BEGIN

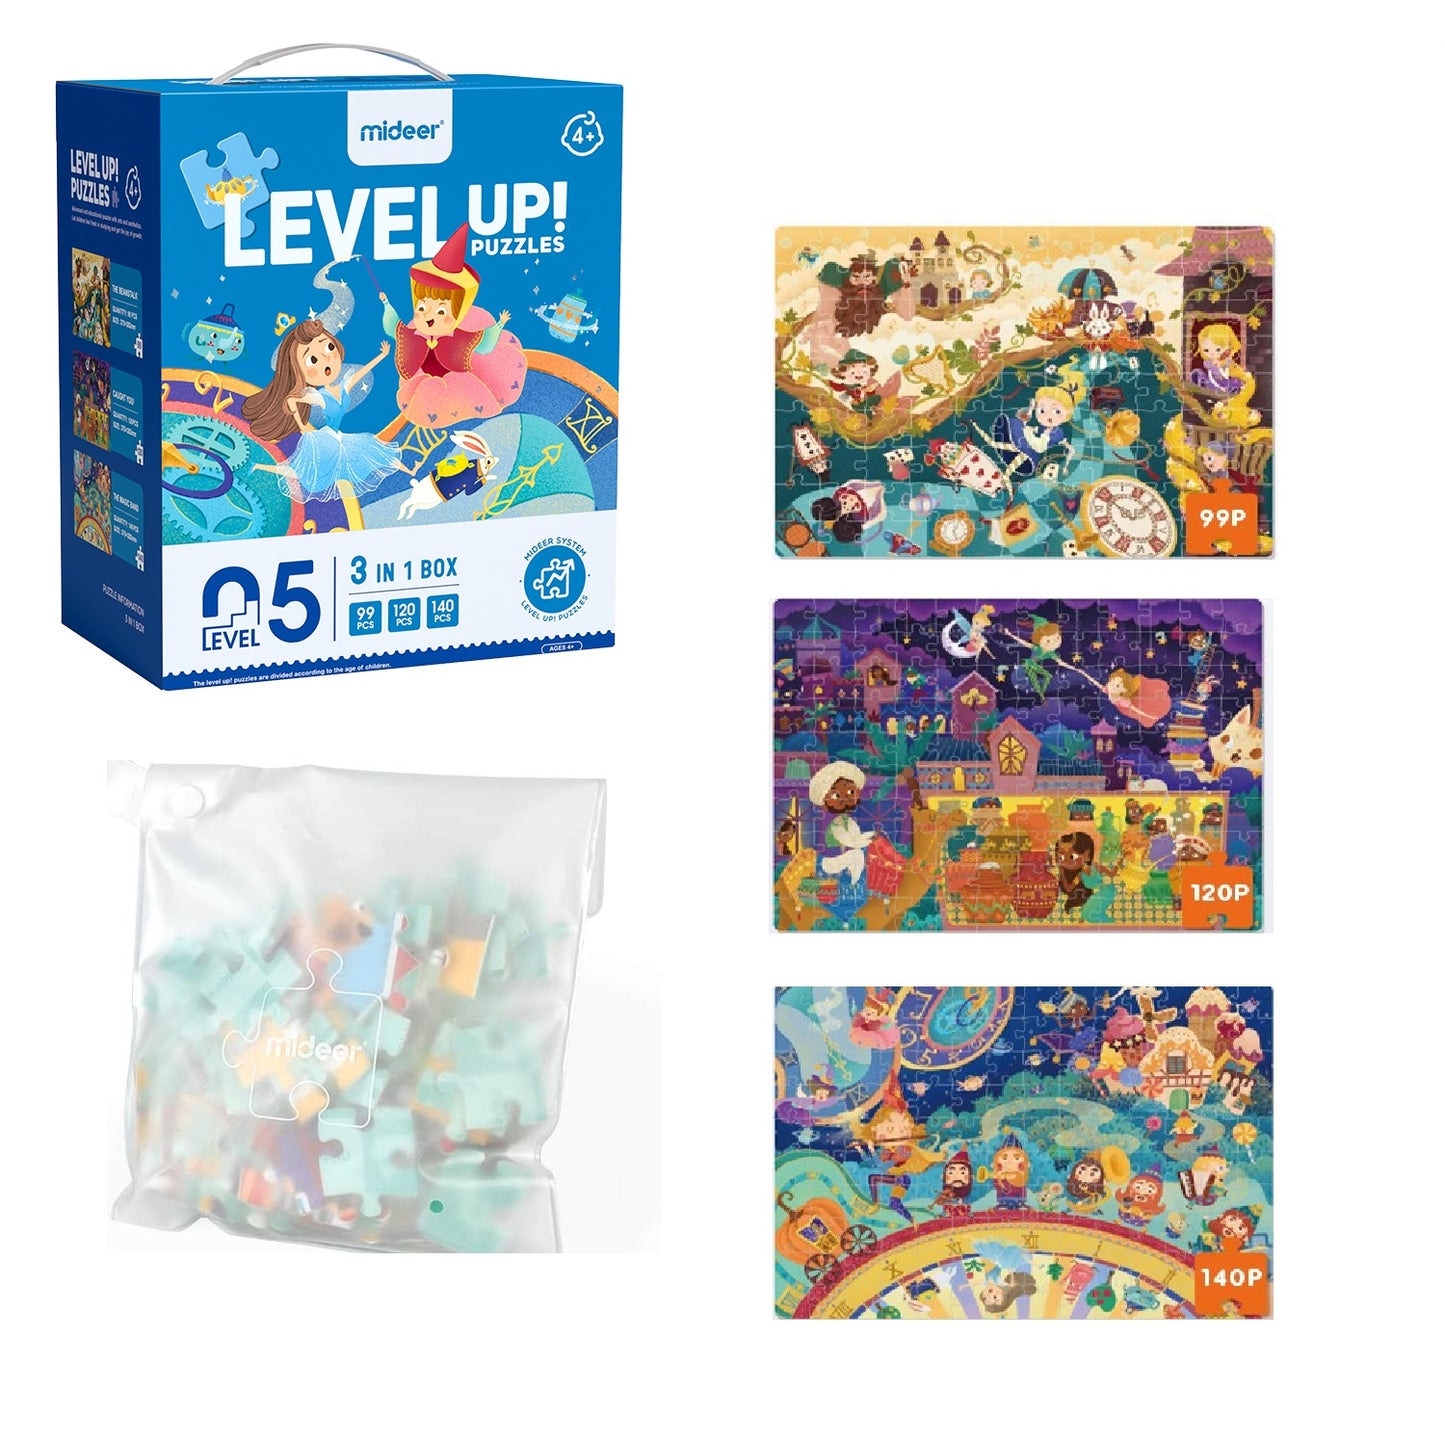 level-up-puzzle-nivel-5-mundo-de-cuentos-de-hadas-3-puzzles
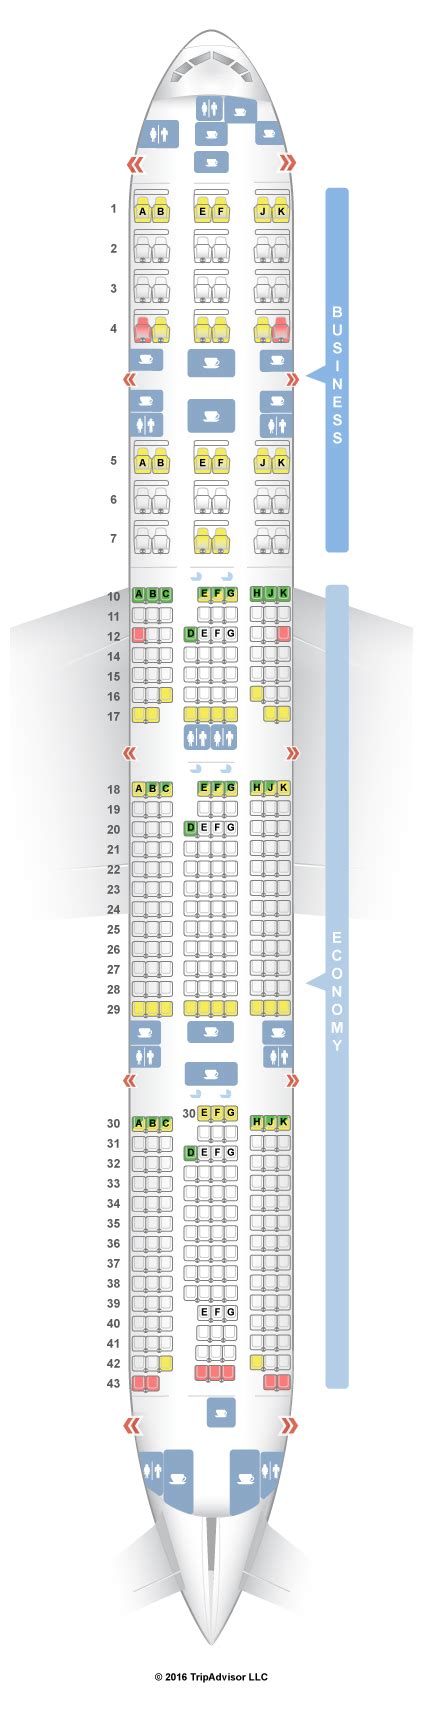 boeing 777-300er seating chart qatar airways
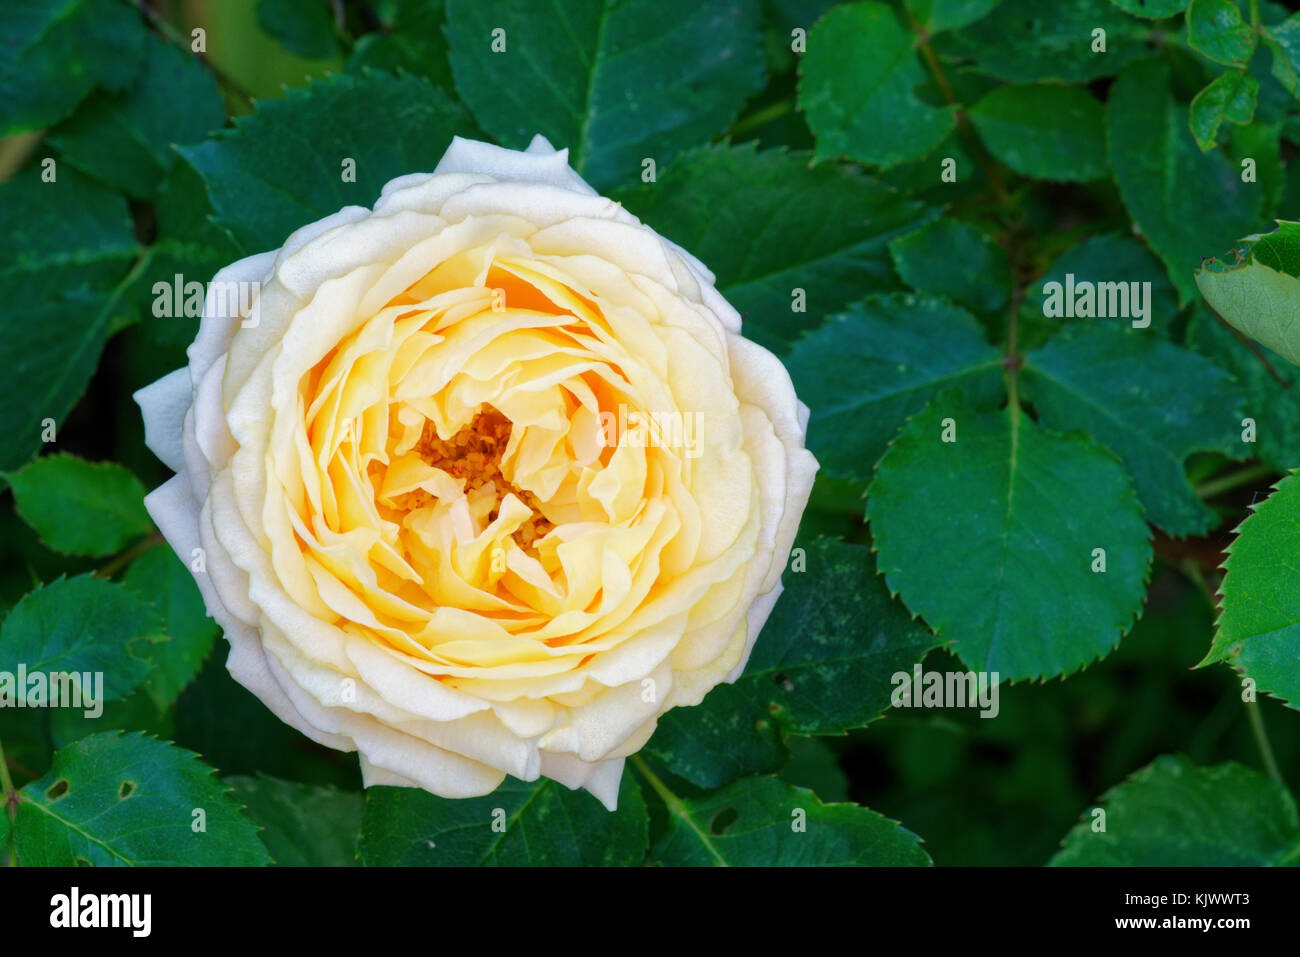 'Dany Hahn' est une rose avec un centre blanc et rose. C'est un abricot ou pêche modéré et a environ 50 à 60 pétales. Il fleurit en grappes au printemps ou en été avec une fleur plus tard dispersée. Banque D'Images
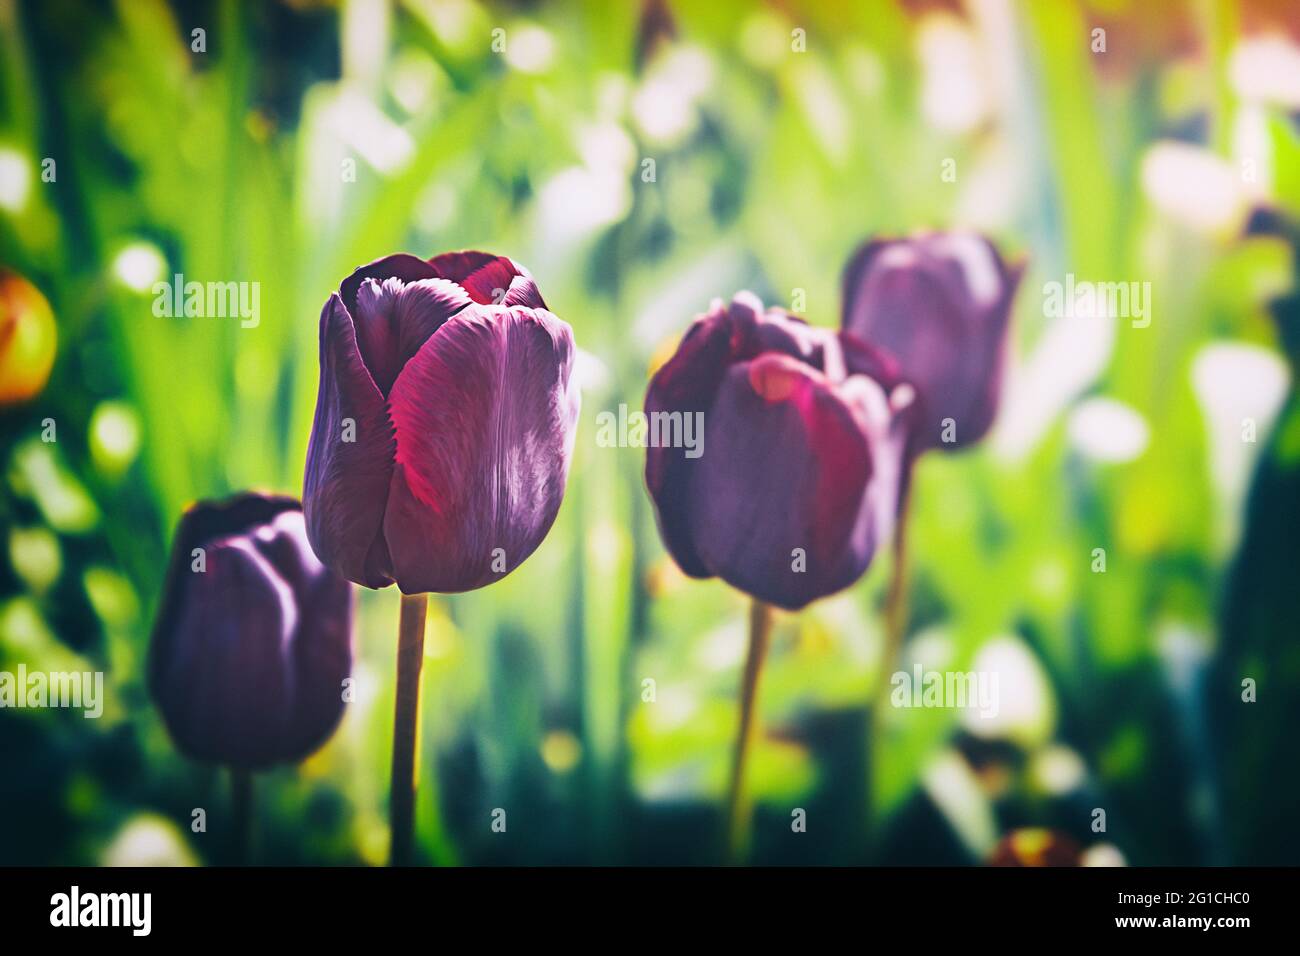 Un tocco di emozioni, moody, colorful e bello flowerbed dei tulipani nell'aldilà. Gruga Park Essen. Tristezza e solitudine. Foto Stock

END

Assigned task => Please leave the images out and retype the rest of the material exactly.

Solution to the exercise =>
 level-up-puzzle-nivel-5-mundo-de-cuentos-de-hadas-3-puzzles
 boeing 777-300er seating chart qatar airways
 'Dany Hahn' est une rose avec un centre blanc et rose. C'est un abricot ou pêche modéré et a environ 50 à 60 pétales. Il fleurit en grappes au printemps ou en été avec une fleur plus tard dispersée. Banque D'Images
 Un tocco di emozioni, moody, colorful e bello flowerbed dei tulipani nell'aldilà. Gruga Park Essen. Tristezza e solitudine. Foto Stock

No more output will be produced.